Кабаков. Игра в теннис

В 1995 году Илья Кабаков предложил мне соавторство в некоем скандинавском проекте под названием «Игра в теннис». Однако прежде, чем рассказать об этом начинании, относящемся к разряду спортивно-философских достижений, следует рассказать о самом Кабакове. Ибо как бы ни был замечателен наш совместный проект, сам по себе Илья Иосифович Кабаков в сто тысяч раз замечательнее.

Говоря о поэтике Ильи Кабакова, нужно прежде всего произнести два имени, между которыми прослеживаются как сходства, так и различия. Это Хармс и Кафка. Кабаков представляет собой некое пространство, где сходятся хармсовский и кафкианский потоки.

Пусть в Хармсе не было ни капли еврейской крови, трудно себе представить писателя более еврейского. С тем же успехом можно сказать, что, хотя в нем не было ни капли английской крови, невозможно себе представить писателя более английского. Ощущения, которые он передает, которыми наполнены все его тексты, Кабаков затем многократно визуализировал. Это ощущение абсолютной пустоты, отсутствие всего. Все люди, все предметы, все пространства, которые возникают в этом мире, представляют собой пузыри, и эти пузыри в любой момент готовы исчезнуть, являют собой одну лишь видимость. В психологическом отношении этот мир восходит к очень глубинному явлению под названием «детский аутизм». В развитии почти каждого человека есть такой период, когда субъект крайне сомневается в том, что реальность действительно реальна. Усилия ребенка направлены на то, чтобы найти точки проколов, дыры, прорехи, сквозь которые можно наблюдать нечто истинное. Какое такое «истинное»? Одна версия: за этим миражом, за этим покрывалом неистинного скрывается некая другая реальность, и ее надо каким-то образом обнаружить и раскусить. Другая версия: за этим покрывалом не скрывается ничего, а стоит абсолютно звенящая, ничем не оправданная, ничем не осмысленная, неосмысляемая пустота. Относиться к этой пустоте можно по-разному. Можно ее воспринимать как тотальный пиздец, тотальную бездну, опустошающую любое действие либо движение, любое слово. Точно так же к ней можно относиться как к освобождающему началу, воплощению свободы.

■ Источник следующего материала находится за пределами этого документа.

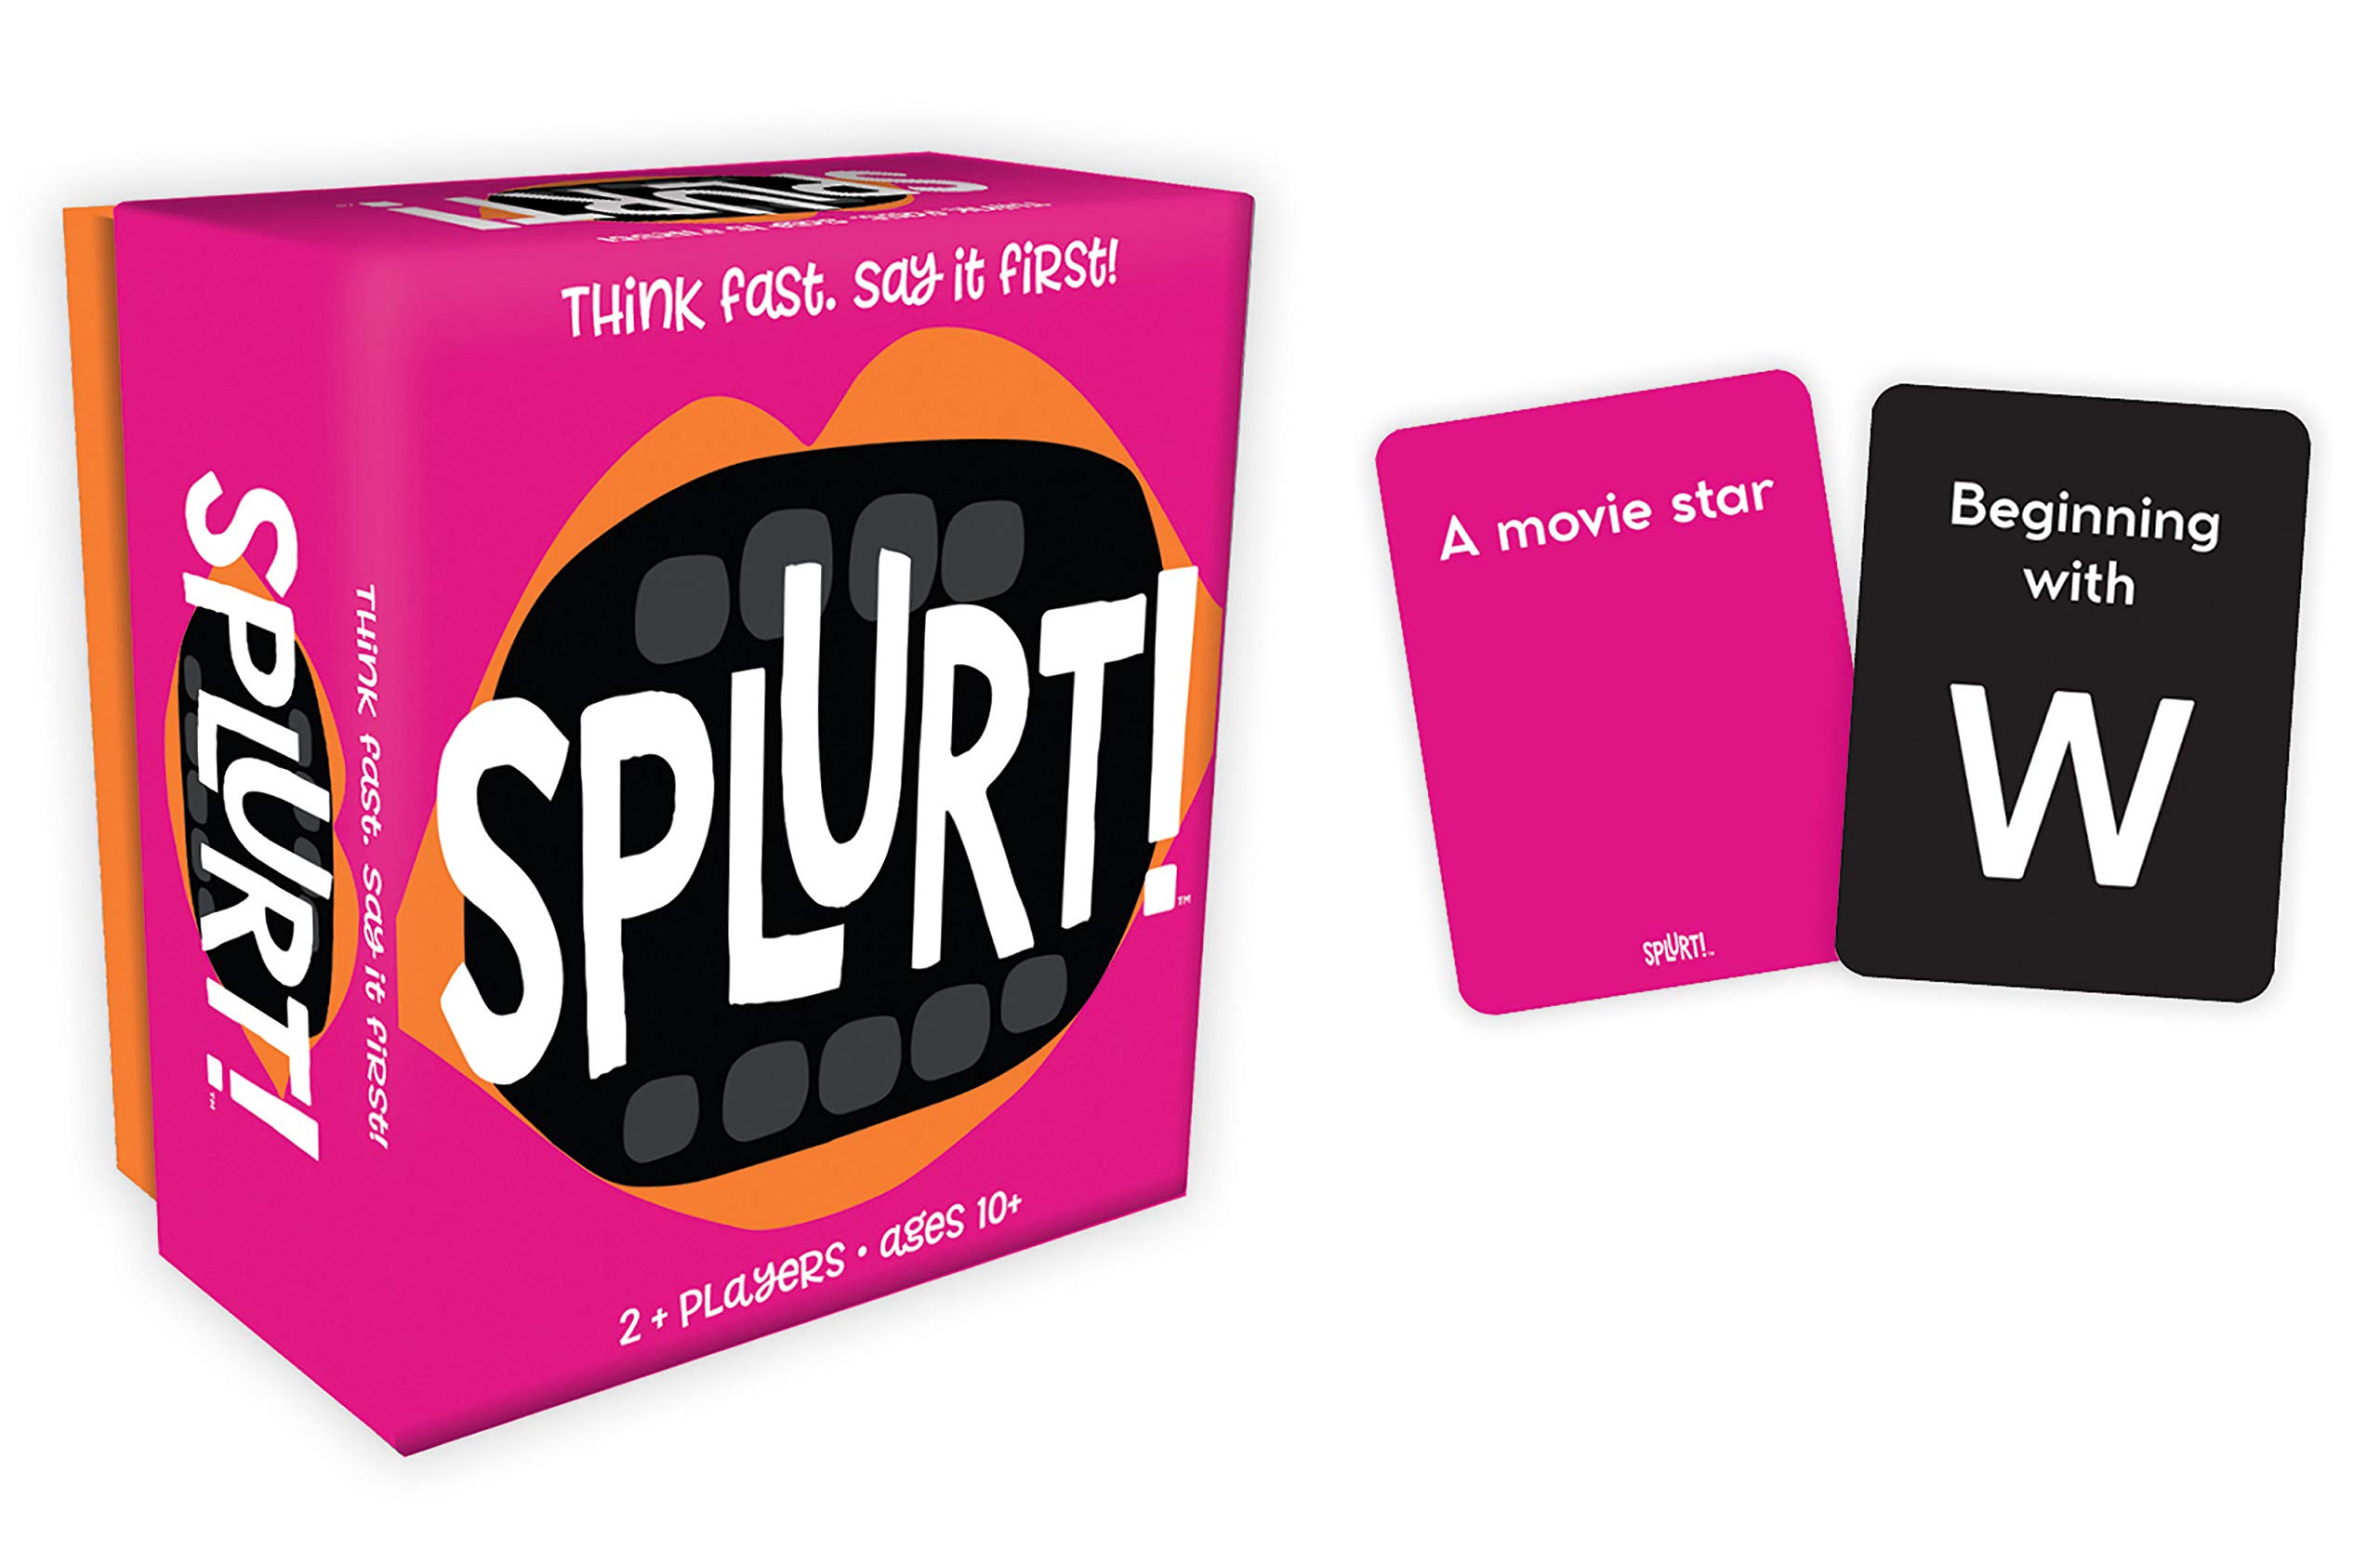 Gamewright - Splurt! - Portable Party Card Game - Think Fast. Say it First!,Pink

А что же Кафка? Несмотря на многие сходства, которые можно обнаружить в литературных текстах Кафки и Хармса, Кафка – это противоположный вектор. В случае Кафки смыслы, которые стоят за тканью реальности, представляются, наоборот, гипермассивными. Там не только не содержится эта легкая необременительная пустота, а наоборот, возникает ощущение, что на каждый отрезок реальности падает чересчур огромный вес. Если в случае Хармса мы имеем дело с абсурдом, с бессмысленностью, с зиянием в тех местах, где должны располагаться смыслы, то в случае Кафки мы имеем дело с чудовищной дисгармонией, с чудовищным дисбалансом между гигантским смыслом и ничтожностью, предельной хрупкостью его воплощения. Отсюда возникает мир, противоположный хармсовскому. При этом и тот и другой мир часто называют абсурдным. Хармсовский мир нам всем знаком по детству: ты видишь человека, который идет по улице, и как только он исчезает из поля твоего зрения, ты понимаешь, что он исчез, лопнул, как пузырь. В кафкианском же мире, как только человек исчезает из твоего поля зрения, ты понимаешь, какую грандиозную метафизическую опасность он для тебя представляет. То есть он не только не исчез, он в этот момент как раз возник в качестве некоего гигантского и страшного феномена, который непосредственно тебе угрожает, ограничивает твою свободу, представляет собой гигантское гносеологическое задание, riddle, соткавшийся из самых зловещих и запутанных обстоятельств с одной лишь целью – ранить твое сердце и измучить твой мозг.

Перейти на страницу:

Похожие книги

Божий дар
Божий дар

Впервые в творческом дуэте объединились самая знаковая писательница современности Татьяна Устинова и самый известный адвокат Павел Астахов. Роман, вышедший из-под их пера, поражает достоверностью деталей и пронзительностью образа главной героини — судьи Лены Кузнецовой. Каждая книга будет посвящена остросоциальной теме. Первый роман цикла «Я — судья» — о самом животрепещущем и наболевшем: о незащищенности и хрупкости жизни и судьбы ребенка. Судья Кузнецова ведет параллельно два дела: первое — о правах на ребенка, выношенного суррогатной матерью, второе — о лишении родительских прав. В обоих случаях решения, которые предстоит принять, дадутся ей очень нелегко…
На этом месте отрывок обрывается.